Processing K block 1
Compute scores:
q·k₄ = 5, q·k₅ = 1, q·k₆ = 3, q·k₇ = 1
scores = [5, 1, 3, 1]
Rescale (new local max 5 > old max 4):
m_new = 5
factor = exp(4 − 5) = 0.368
s₀_corrected = 1.320 × 0.368 = 0.486
o₀_corrected = [0.641, 2.185, 1.135, 1.420] × 0.368
= [0.236, 0.804, 0.418, 0.523]
Add block 1’s contribution:
exp_scores₁ = [exp(0), exp(−4), exp(−2), exp(−4)]
= [1.000, 0.018, 0.135, 0.018]
s₁ = 1.000 + 0.018 + 0.135 + 0.018 = 1.171
s_final = 0.486 + 1.171 = 1.657
o₁ = 1.000×[1,3,2,0] + 0.018×[0,1,0,2] + 0.135×[2,0,1,1] + 0.018×[1,0,0,3]

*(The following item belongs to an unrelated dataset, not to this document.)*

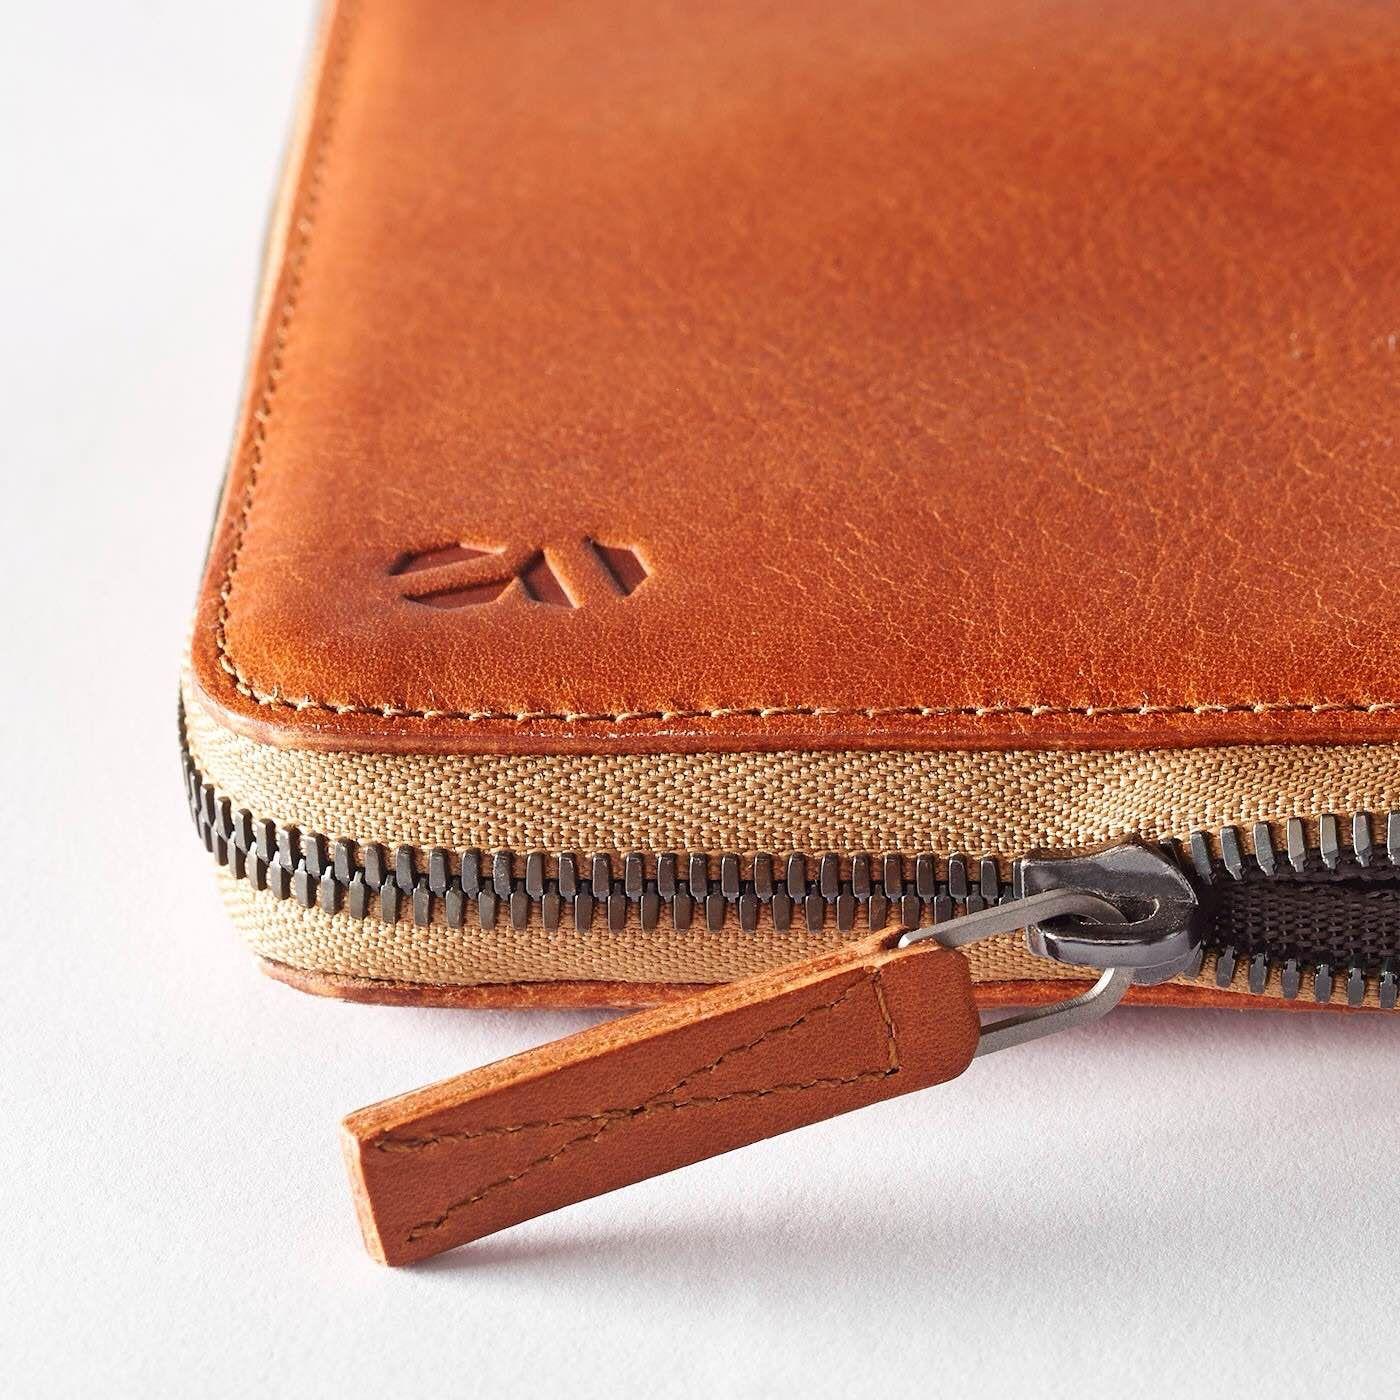 octovoleatherfolioformacbook2 Leather, Zip around

= [1.289, 3.018, 2.135, 0.227]
Final output:
output = (o₀_corrected + o₁) / s_final
= ([0.236, 0.804, 0.418, 0.523] + [1.289, 3.018, 2.135, 0.227]) / 1.657
= [0.920, 2.306, 1.540, 0.452]
Written to HBM once. Identical to computing standard softmax on the full score vector [1,2,4,2,5,1,3,1] and multiplying by the full V matrix.
I/O comparison
| Naive attention | FlashAttention | |
|---|---|---|
| HBM writes per Q row | scores [1×N] + weights [1×N] + output [1×d_k] | output [1×d_k] only |
| HBM reads per Q row | scores (for softmax) + weights (for V multiply) | Q, K, V blocks (streamed once) |
| Round trips | 3 | 1 (final write) |
| N×N in HBM? | Yes — fully materialized | Never |
| FLOPs | O(N² d_k) | O(N² d_k) + small rescaling overhead |
| Speedup source | — | I/O reduction, not FLOP reduction |
FlashAttention does slightly more arithmetic (the rescaling corrections), but dramatically less memory traffic. Since attention is memory-bound, reducing I/O is what matters. The result is typically a 2–4× wall-clock speedup.